[PROBLEM]: Of all the lines below, return only those starting with the line holding "(2608602195) Алмазный диск" and going on through the line holding "Sylvie Rose Diamond", exactly as written.
[[ EXTRACTED MATERIAL open ]]
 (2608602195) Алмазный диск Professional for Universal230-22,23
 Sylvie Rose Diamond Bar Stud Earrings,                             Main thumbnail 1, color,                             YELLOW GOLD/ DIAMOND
[[ EXTRACTED MATERIAL closed ]]
[[ EXTRACTED MATERIAL open ]]
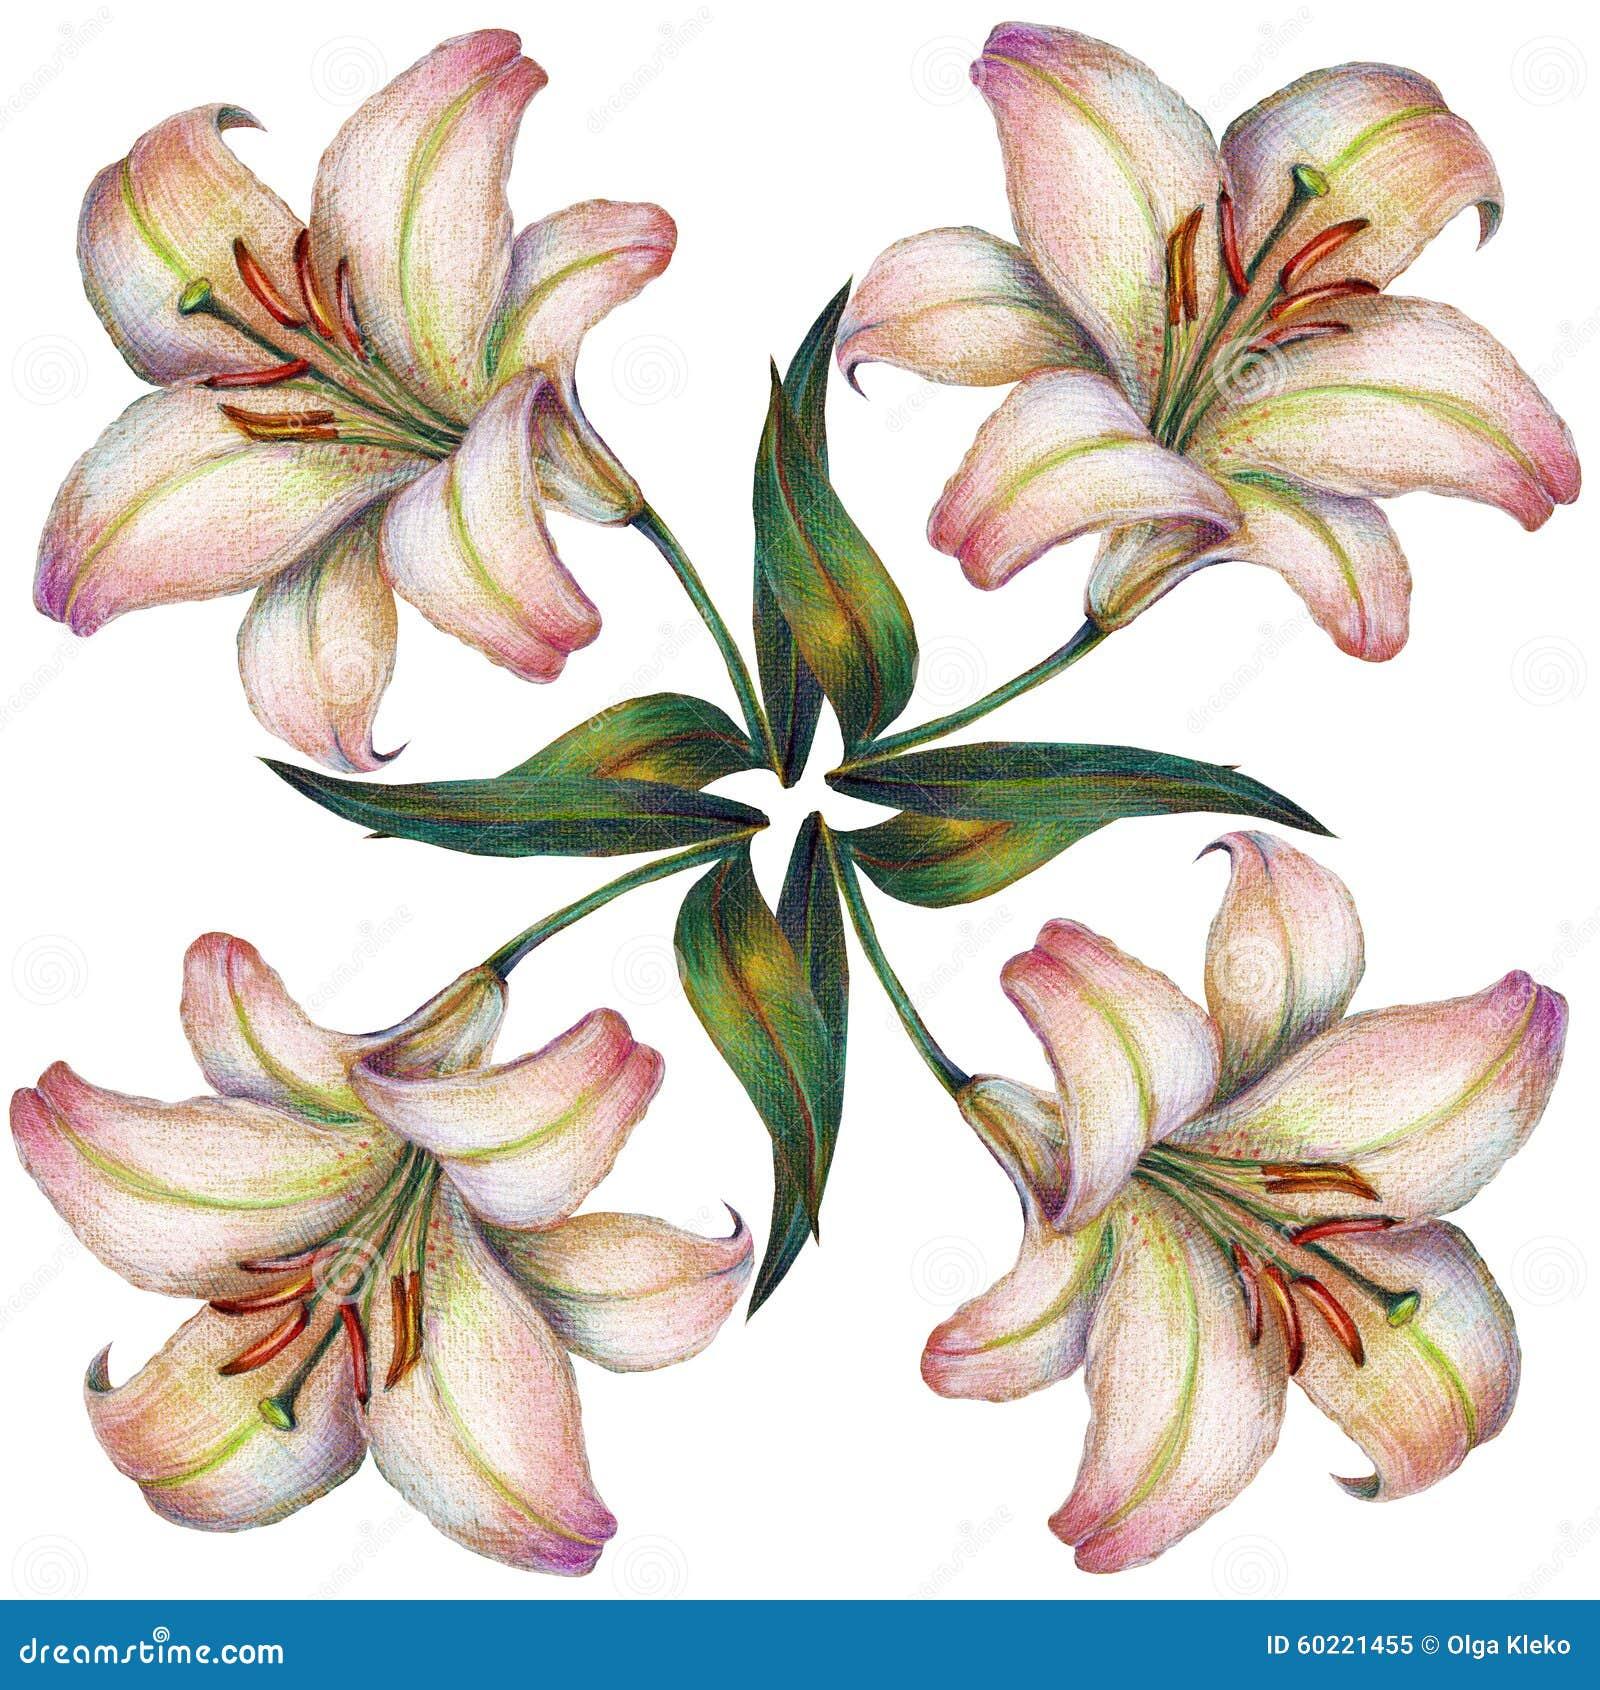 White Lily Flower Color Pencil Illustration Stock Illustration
[[ EXTRACTED MATERIAL closed ]]
[SOLUTION TO THIS EXERCISE]:
 (2608602195) Алмазный диск Professional for Universal230-22,23
 Sylvie Rose Diamond Bar Stud Earrings,                             Main thumbnail 1, color,                             YELLOW GOLD/ DIAMOND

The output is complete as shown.